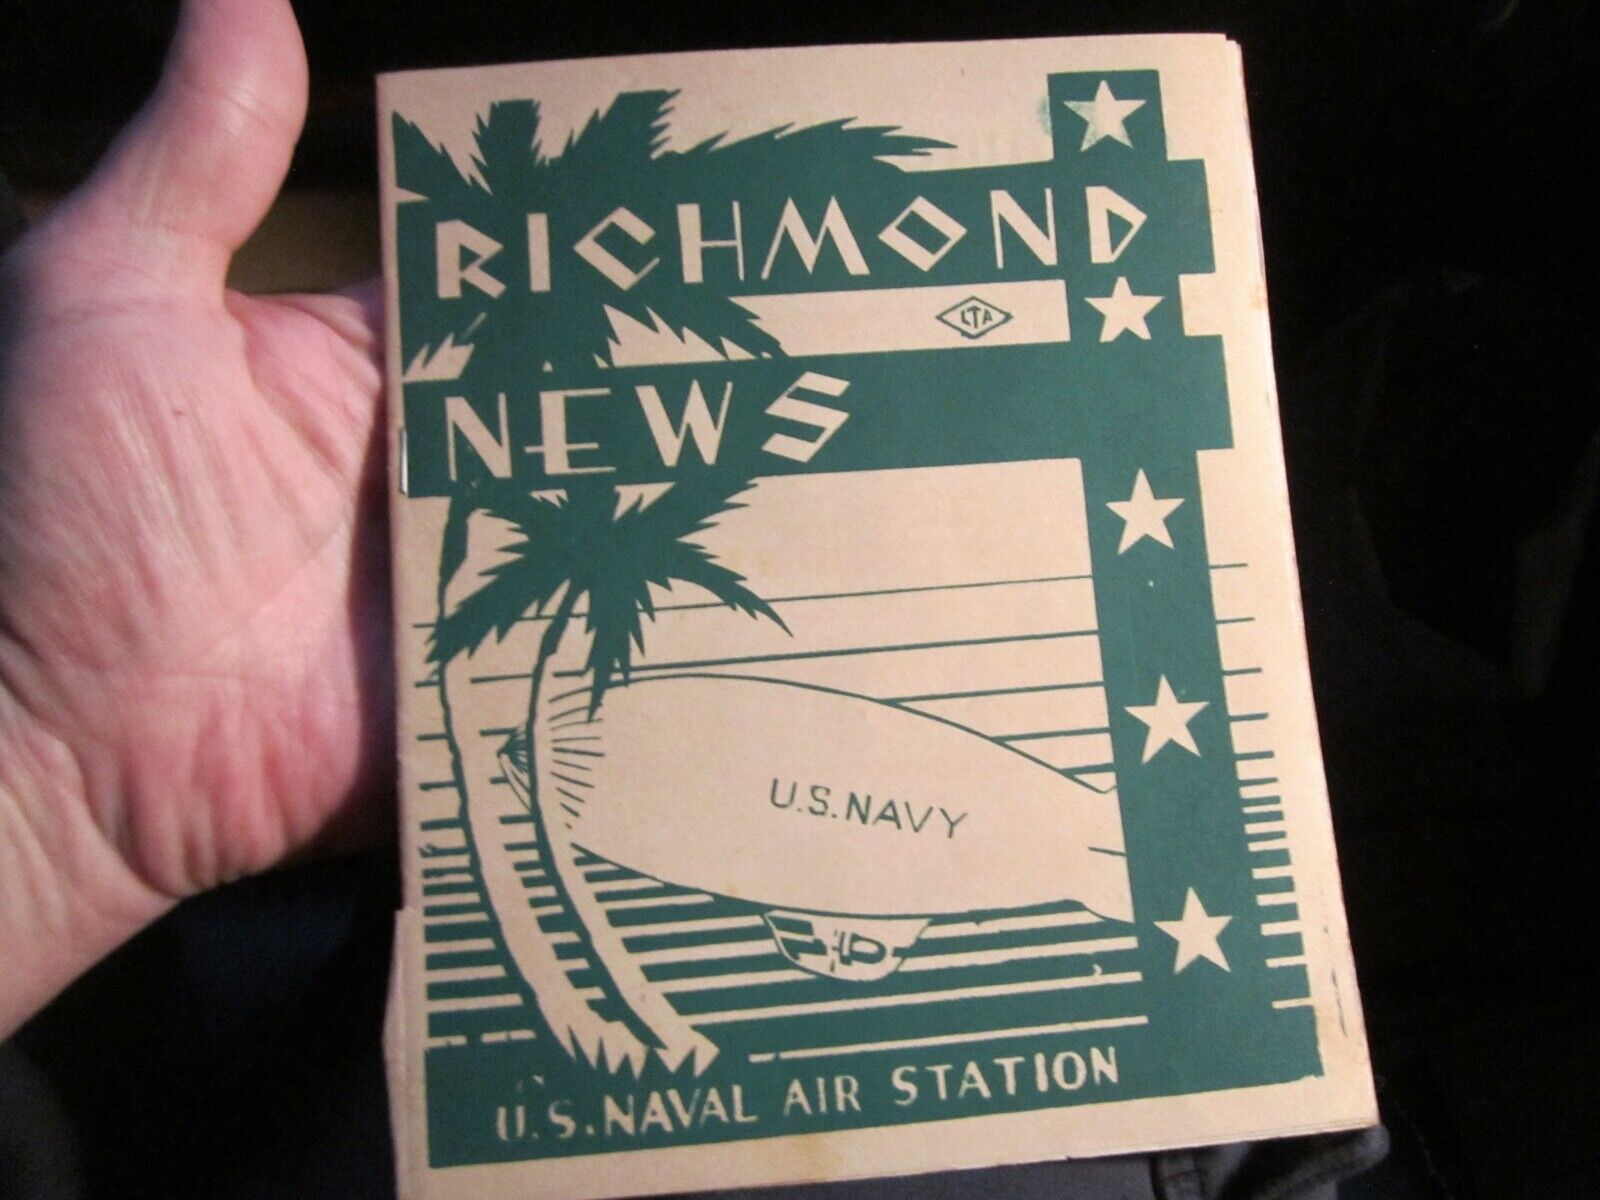 1943 U.S. NAVY RICHMOND NEWS BOOKLET U.S. NAVAL AIR STATION -  BBA50
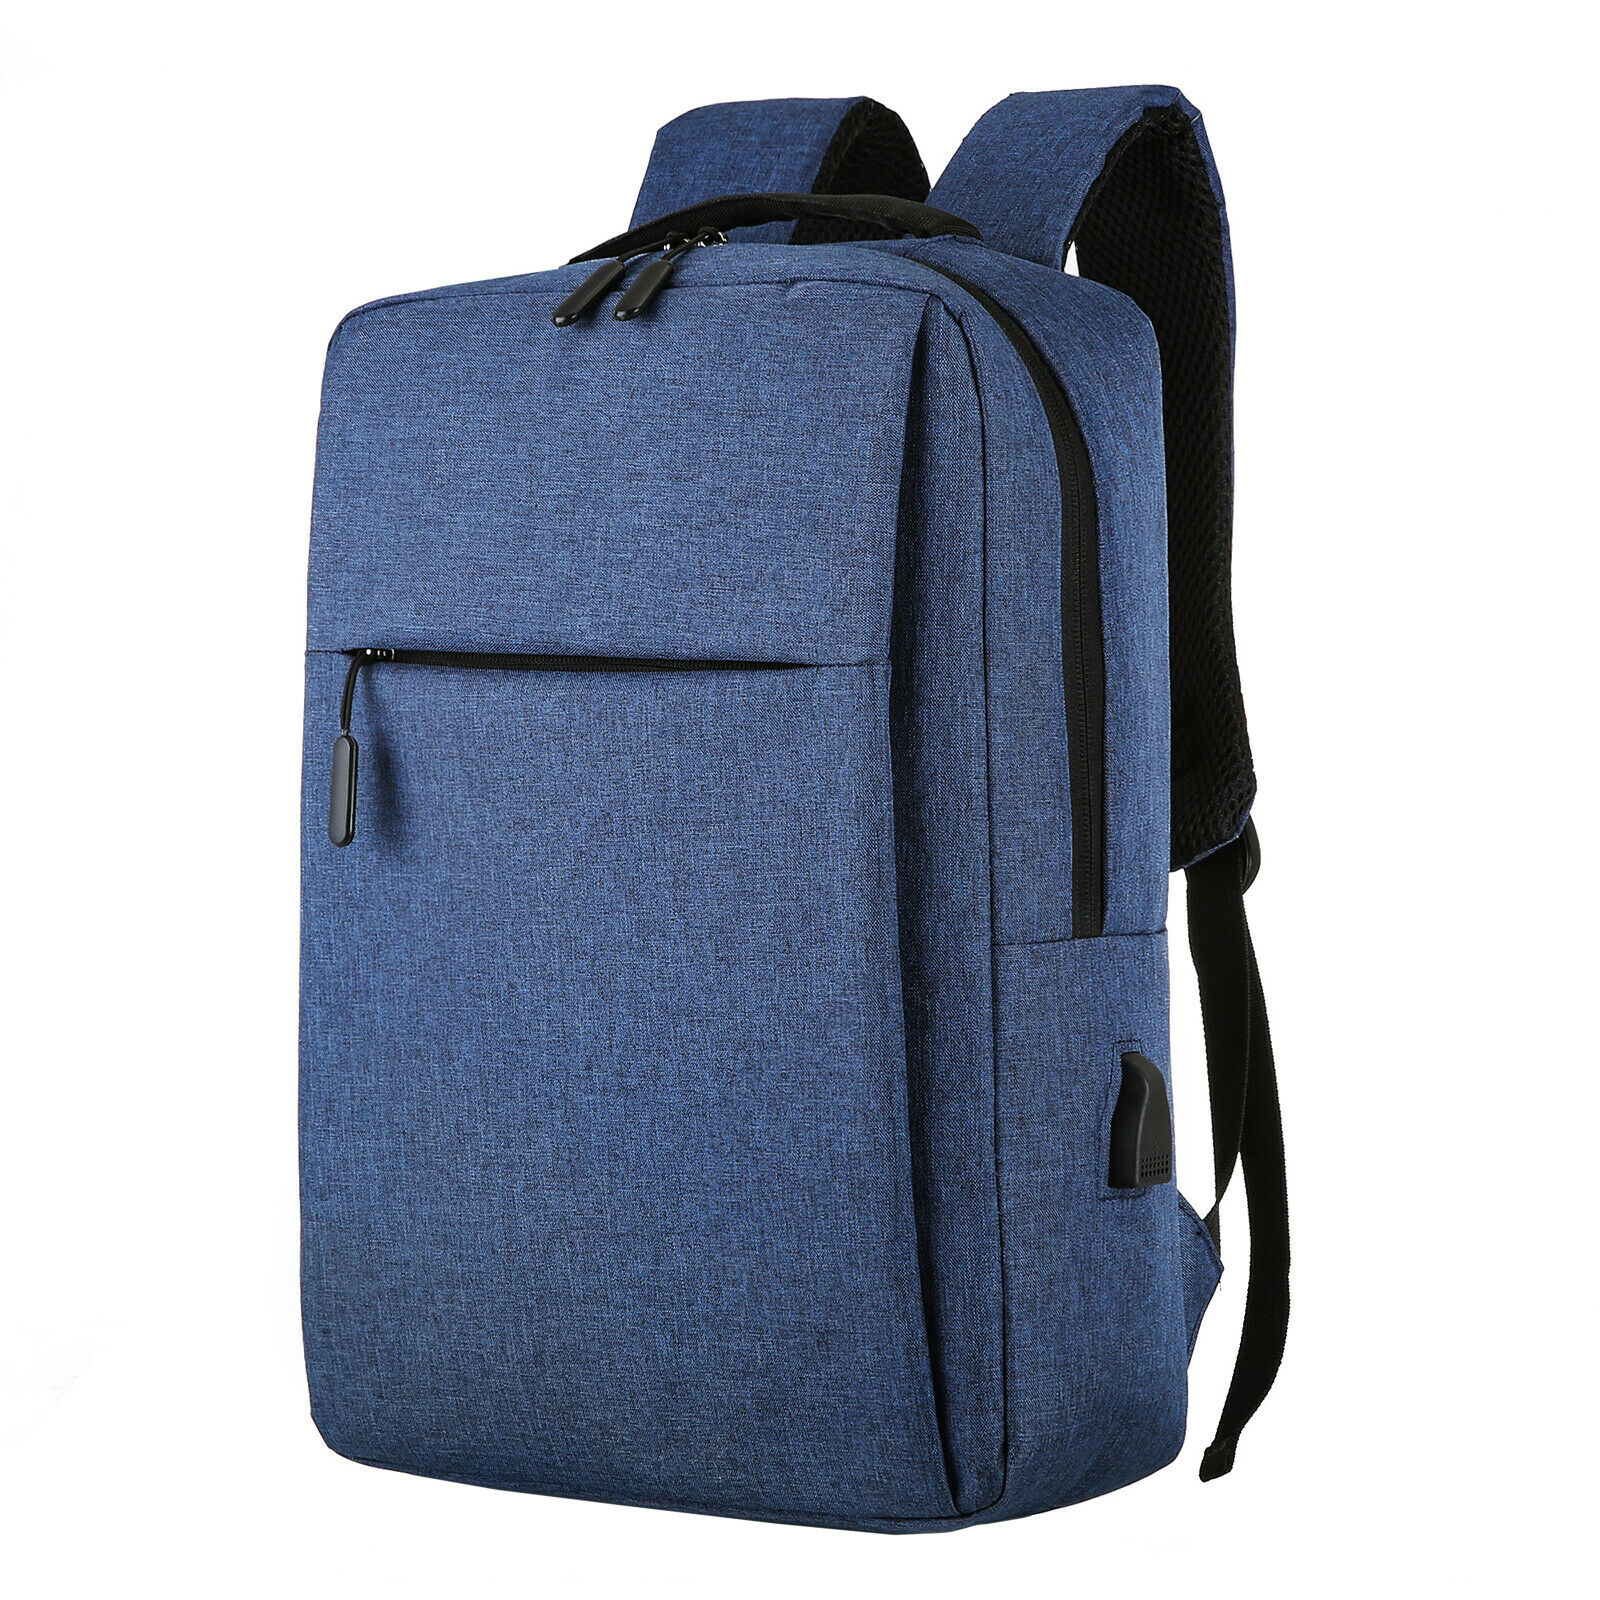 Novaa Bags 16" Slim Casual Waterproof Laptop Backpack with USB Charging Port Navy - image 3 of 6
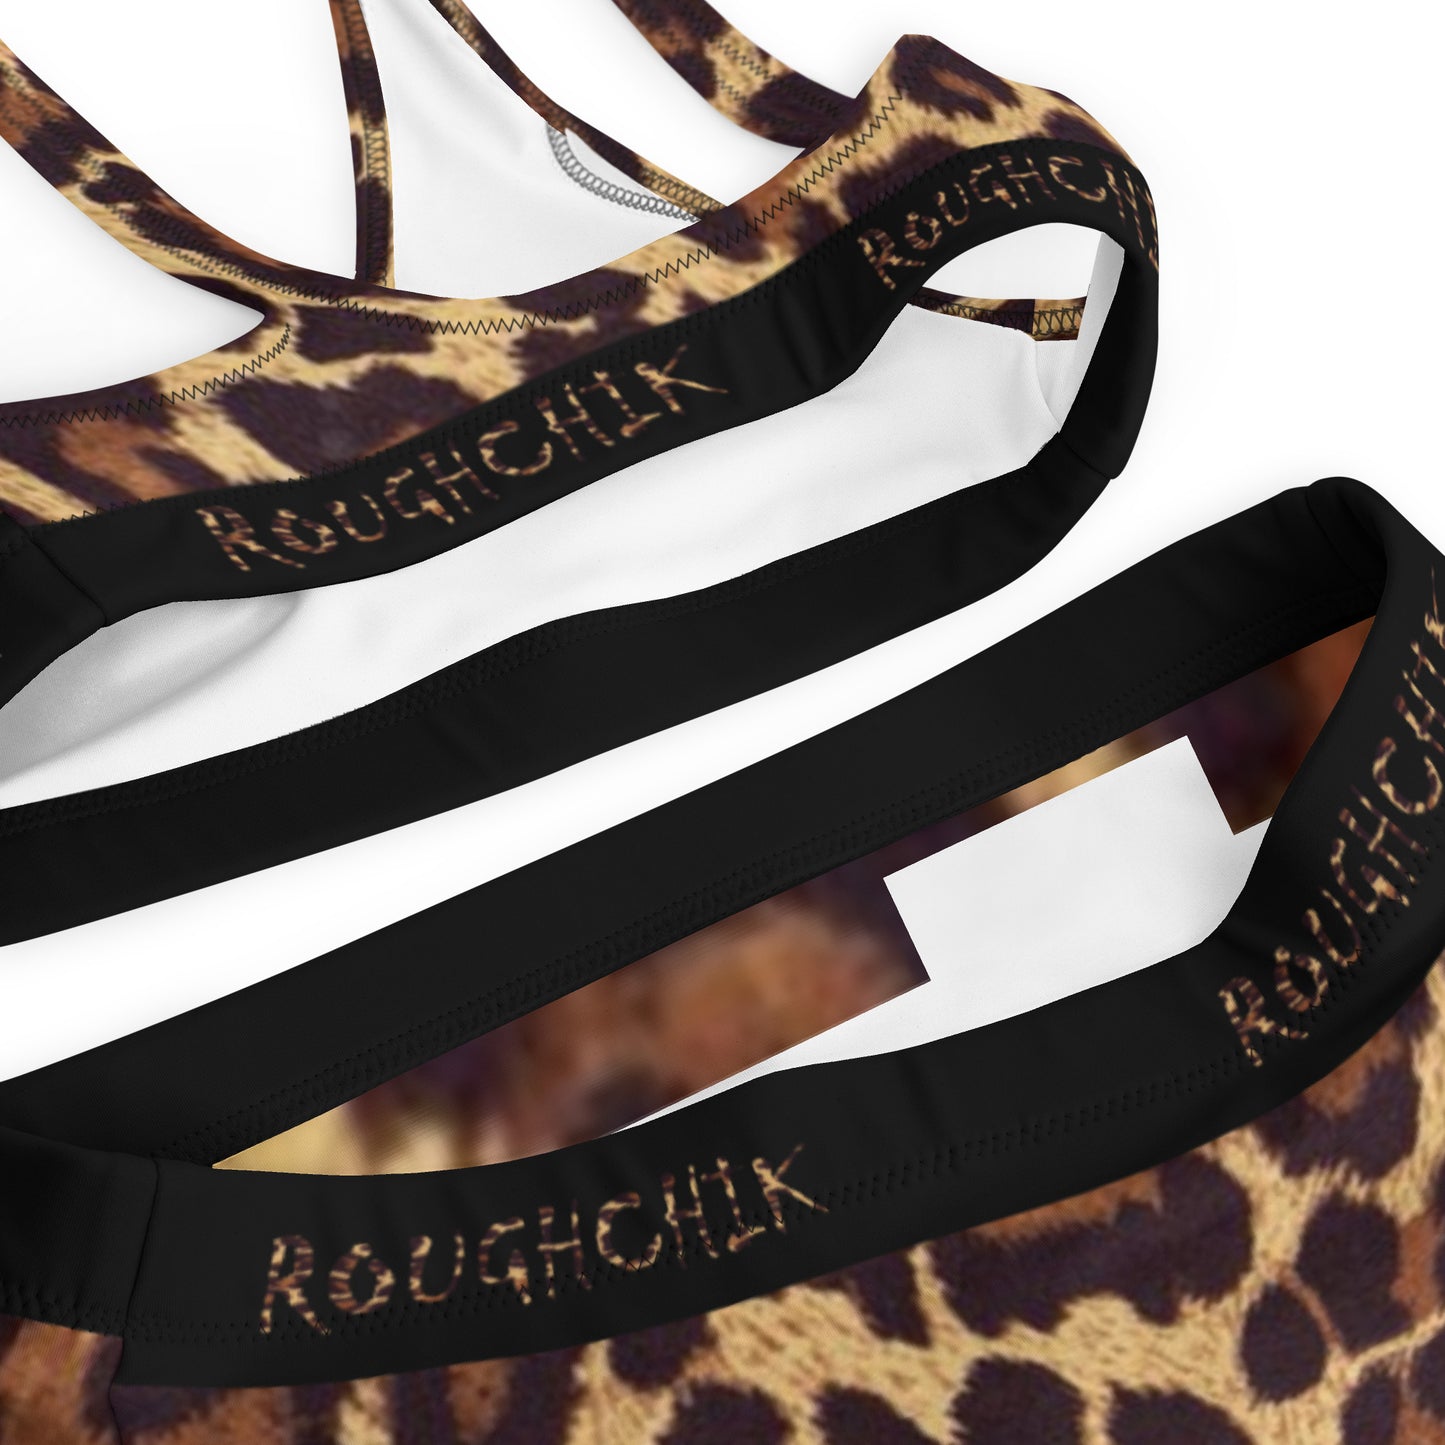 Leopard Print Recycled high-waisted bikini
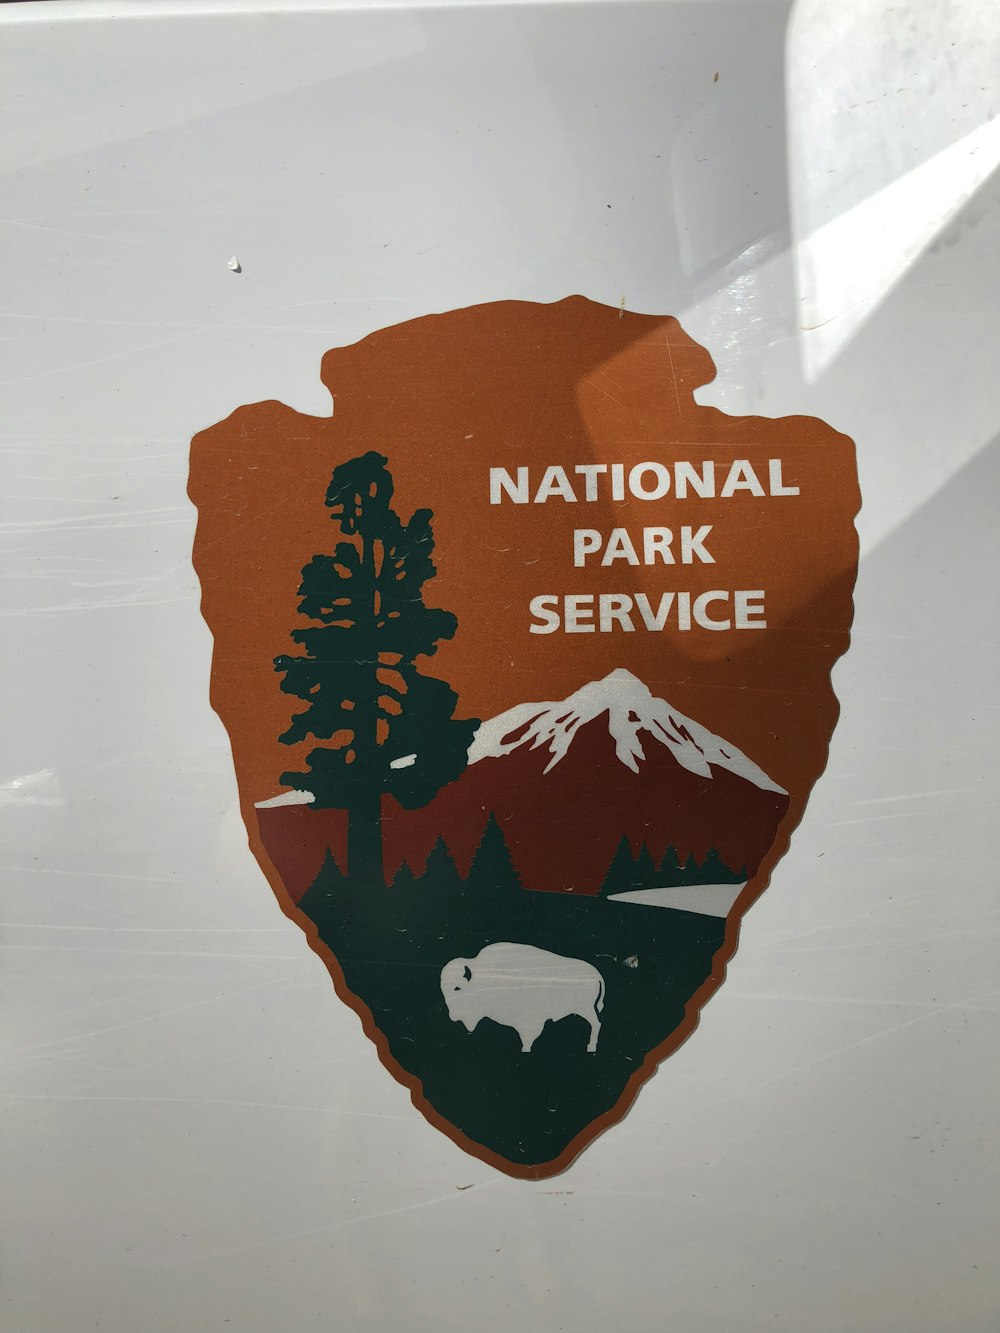 close-up of National Park Service logo
------------------------------------------------------------------------
Please reproduce the data above word for word, skipping all images.

◆ **EXERCISE RESPONSE**
 1943 U.S. NAVY RICHMOND NEWS BOOKLET U.S. NAVAL AIR STATION -  BBA50
 Novaa Bags 16" Slim Casual Waterproof Laptop Backpack with USB Charging Port Navy - image 3 of 6
 Leopard Print Recycled high-waisted bikini
 close-up of National Park Service logo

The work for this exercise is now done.